Tried to read it but I think it was too heavy for a teenager for me to appreciate.
Honestly, despite me having most of the books…still some I’ve yet to read. Either Rise of the Horde, Beyond Dark Portal, The shattering or Last Guardian.
Being a teenager should not be a problem to read War of the Ancients.
My dad bought me set of Winetou books when I was 9. I literary swallowed them. Still have a pack of it on my shelf and reading it at least once every two years. So, no excuses , especially if you want to understand lore from WC3 to Legion. That three books are must read
Ah, I forgot to say, when I was a teenager, this was when I was 14-15 on holiday, nearly 30 now lol. I had trouble reading, but wanted it because it looked girl and a hot elf lady
I hope to read them at some points! And yes, I have Dawn of the Aspects as well, Night of the Night Dragon, Twilight of the Aspects…even the novel Cycle of Hatred which I heard mixed things about and was a little pricey, how could I not buy that!?
My uncle even got the the two Warcraft film novels, novelisation of the film and one called Durotan, never read them.
I think I tried to place them in chronological order, but perhaps I’ll read DotA! Huh…Dota, nice one blizz.

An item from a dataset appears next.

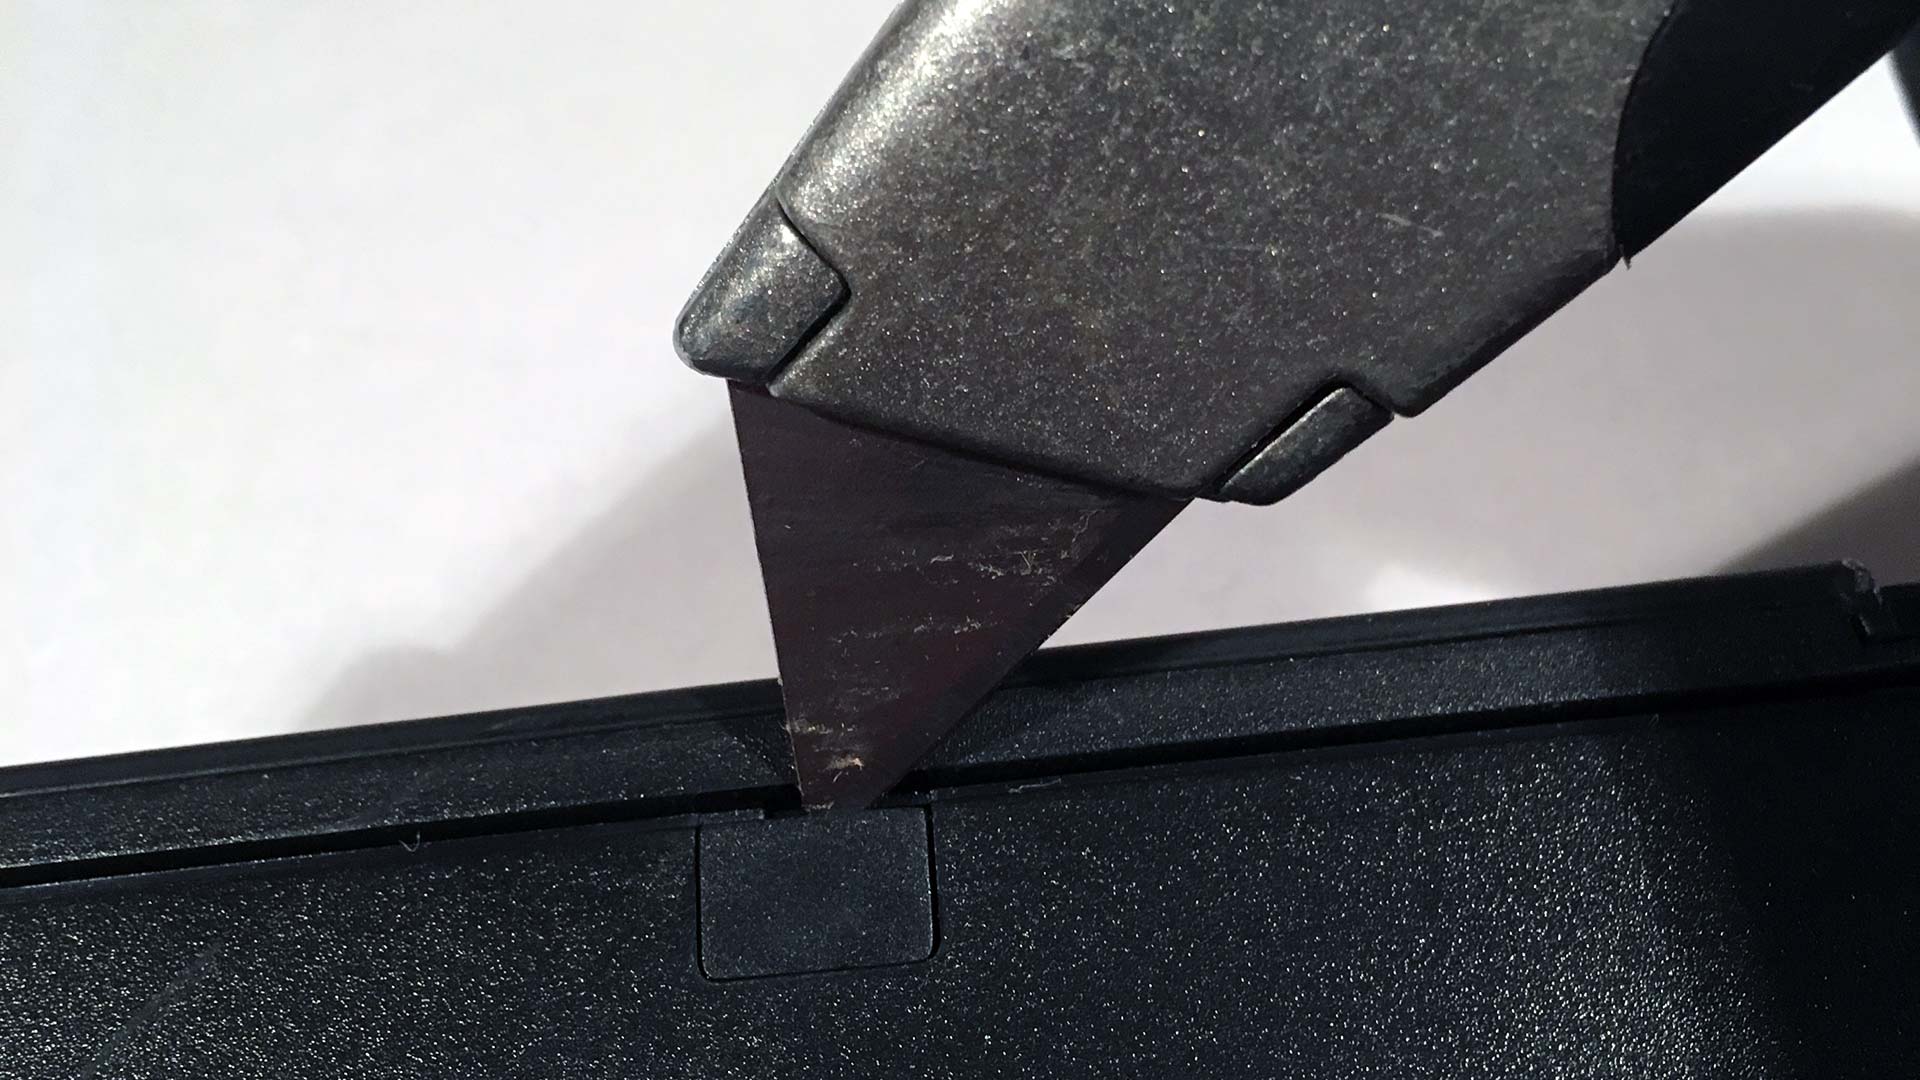 Razer Blackwidow 2014 disassembly - Using knife to undo clips

Oh, the torture thing wasn’t from Golden, it was Roux in Shadows Rising. But that just goes to show that you can never know what the game devs will actually take on for themselves from the novels. That’s why they are of limited use to actually understand the game’s world better. I mean, Jaina for example just seems crazy unstable, if you actually assume every flip-flop you can find between Golden’s books and the ingame dialogues as canon, and just ignoring the books makes for a much more reasonable arc…
I mostly followed the novels to get some more details on the world-building, but I’ve pretty much given up on that, inconsistent as they are between different authors, the game, or even books from the same author. The stuff I know from Golden for example makes the world feel pretty small to me, seldom going beyond what is depicted within the game, and focussing on the main characters so much, that everything else feels irrelevant. Other authors did better for me, adjusting their stories to travel times and adding internal conflicts, but you can’t really build a world, when you can’t get the basics consistent. So to be honest, I only read the newest novels when I am bored and would like some more details to make fun of by now. Not the noblest reason, but it is what it is.
Now that you mention it, I did read that one. That one wasn’t bad, yeah. Though I guess that I kinda forgot about it doesn’t speak for it leaving a deep impression with me.
I heard that, but just as with WotA I think I’ll pass. I’m intersted in neither the setting nor the characters, nor the parts of the game world that are deeply connected to them. And Sylvanas’ story mostly has comedic value to me, having a deeper look at what might have been could only make it worse.